It wasn’t easy, though. The radius of the black hole was observed with the Event Horizon Telescope – a chain of radio telescopes in Hawaii, Arizona, and California. By combining these telescopic observations, scientists are able to obtained unprecedented resolutions when observing objects in the night sky. In this case, what the astronomers were able to observe the matter at the edge of the black hole as that matter approached the event horizon.
The event horizon of a black hole is “an exit door from our universe,” explained one of the astronomers in an MIT press release. “You walk through that door, you’re not coming back.”
The scientists were able to determine the radius by examining hot jets of matter that are being ejected from the black hole at near-light speeds. Those ejections are caused by the superheating the black hole’s accretion disk – the matter surrounding the black hole – as it approaches the event horizon of the black hole. The rotation of the black hole and the matter around it create powerful magnetic fields, which periodically cause the black hole to violently eject these jets of superheated matter across the Galaxy.
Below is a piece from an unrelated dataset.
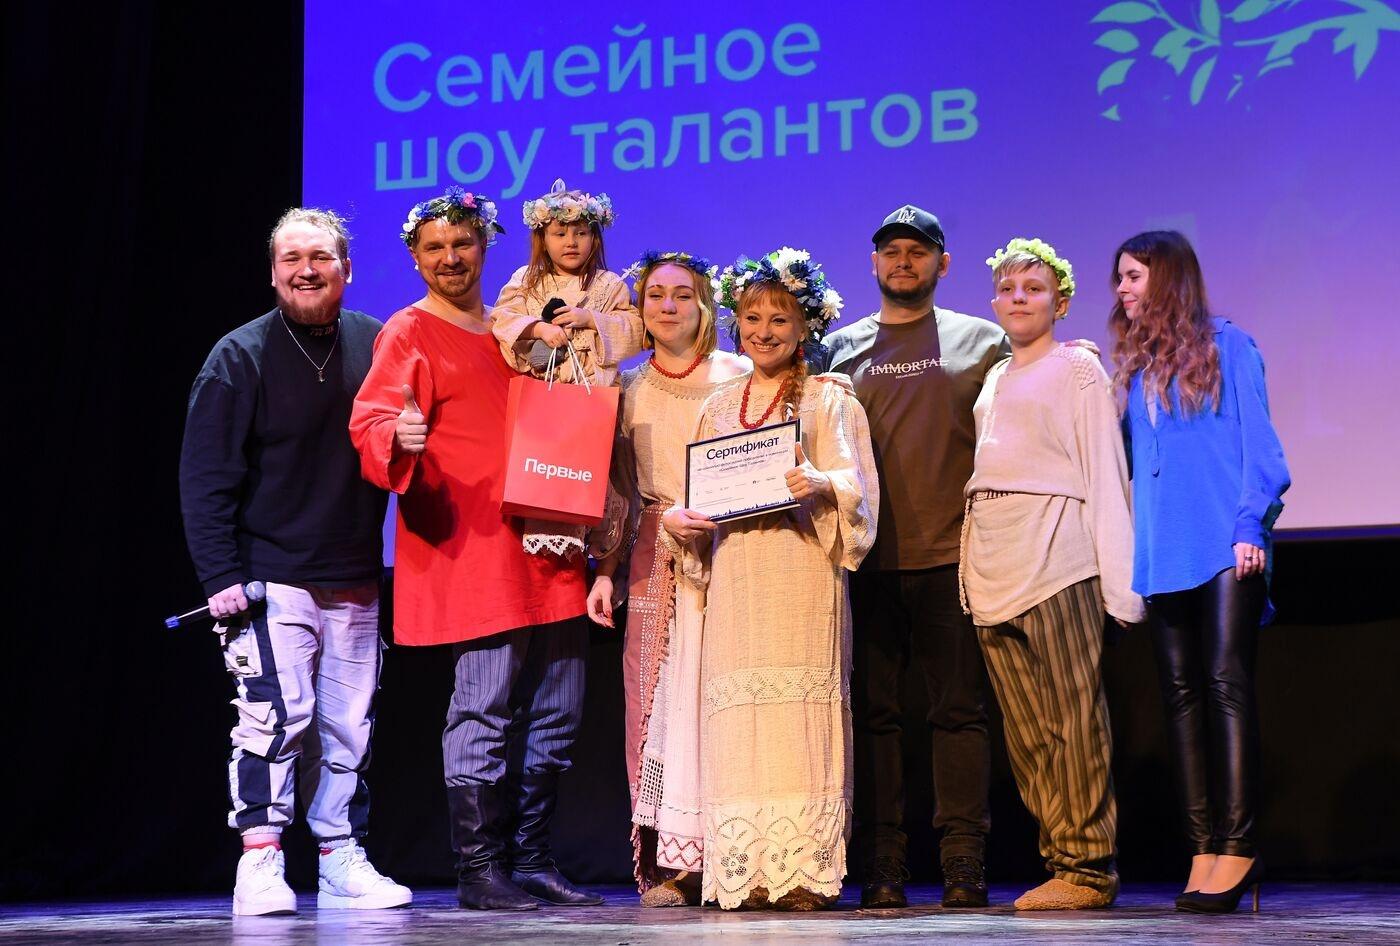 Семья из Орловской области вошла в число победителей «Семейного шоу талантов»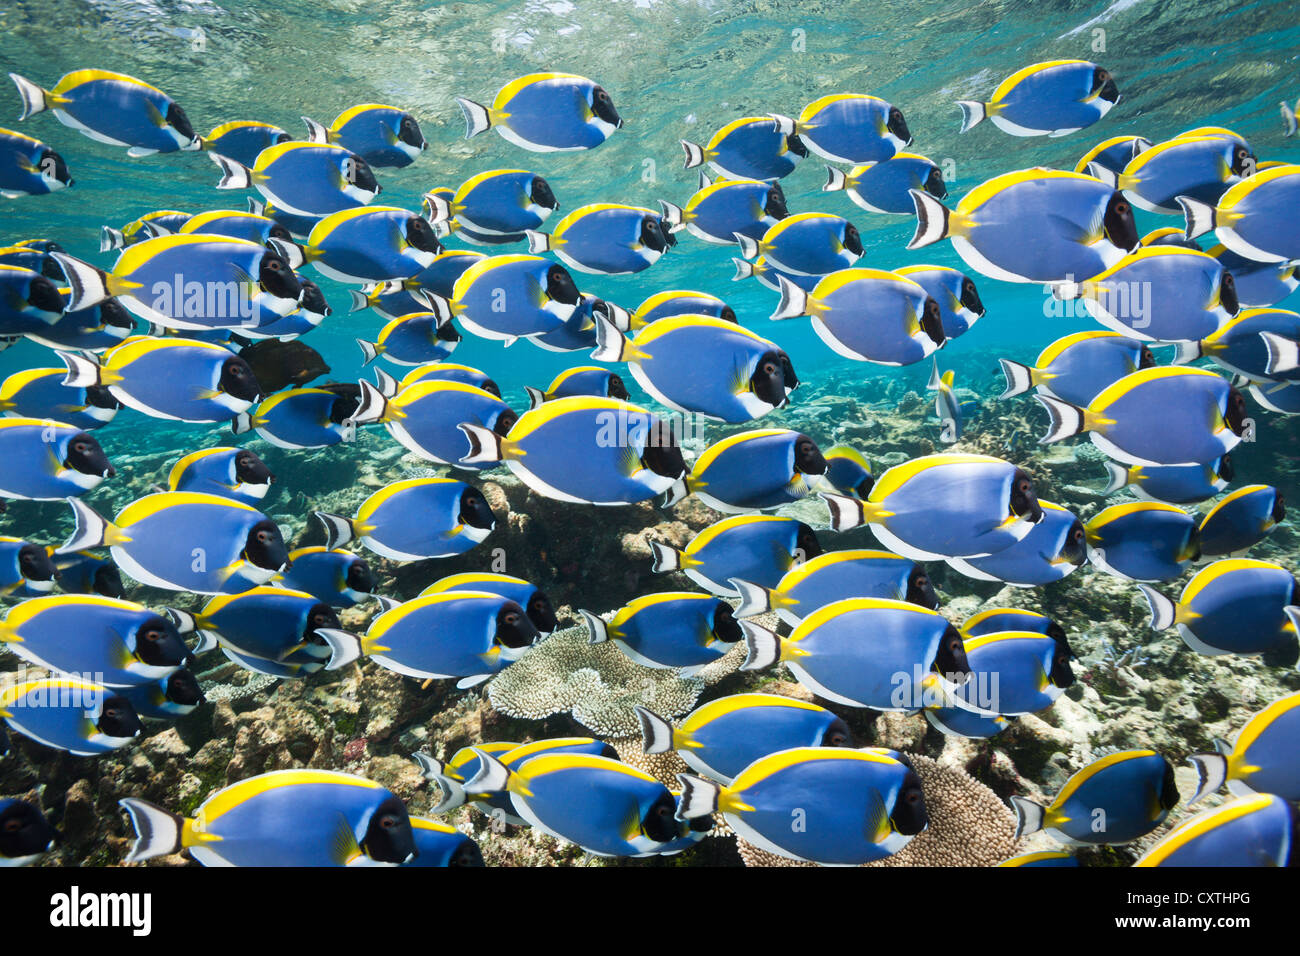 Banc de bleu poudre Tang, Acanthurus leucosternon, Thaa Atoll, Maldives Banque D'Images

The jets being ejected from M87′s black hole have actually been observed before – the Hubble Space Telescope caught a picture of the jets escaping in 1998. But the resolution of Hubble isn’t great enough to allow scientists to make the precise measurements they needed to determine the size of the black hole. With the Event Horizon Telescope, astronomers can. After careful calculation and observation, they determined that the accretion disk is about 5.5 times the size of the black hole itself, giving them an estimate of the radius.
Measuring the black hole, though, is only the beginning of the research into M87′s supermassive black hole. The Event Horizon Telescope will be adding radio telescopes from still more countries into its array, allowing even more precise observation of the black hole. This will allow scientists to verify theories about black hole behavior. It will also shed new insight into Einstein’s Theory of Relativity, as astronomers will be able to determine if Einstein correctly predicted what happens to matter in a strong gravitational field.
“We are now in a position to ask the question, ‘Is Einstein right?’” said astronomer Shep Doeleman in the release. “We can identify features and signatures predicted by his theories, in this very strong gravitational field.”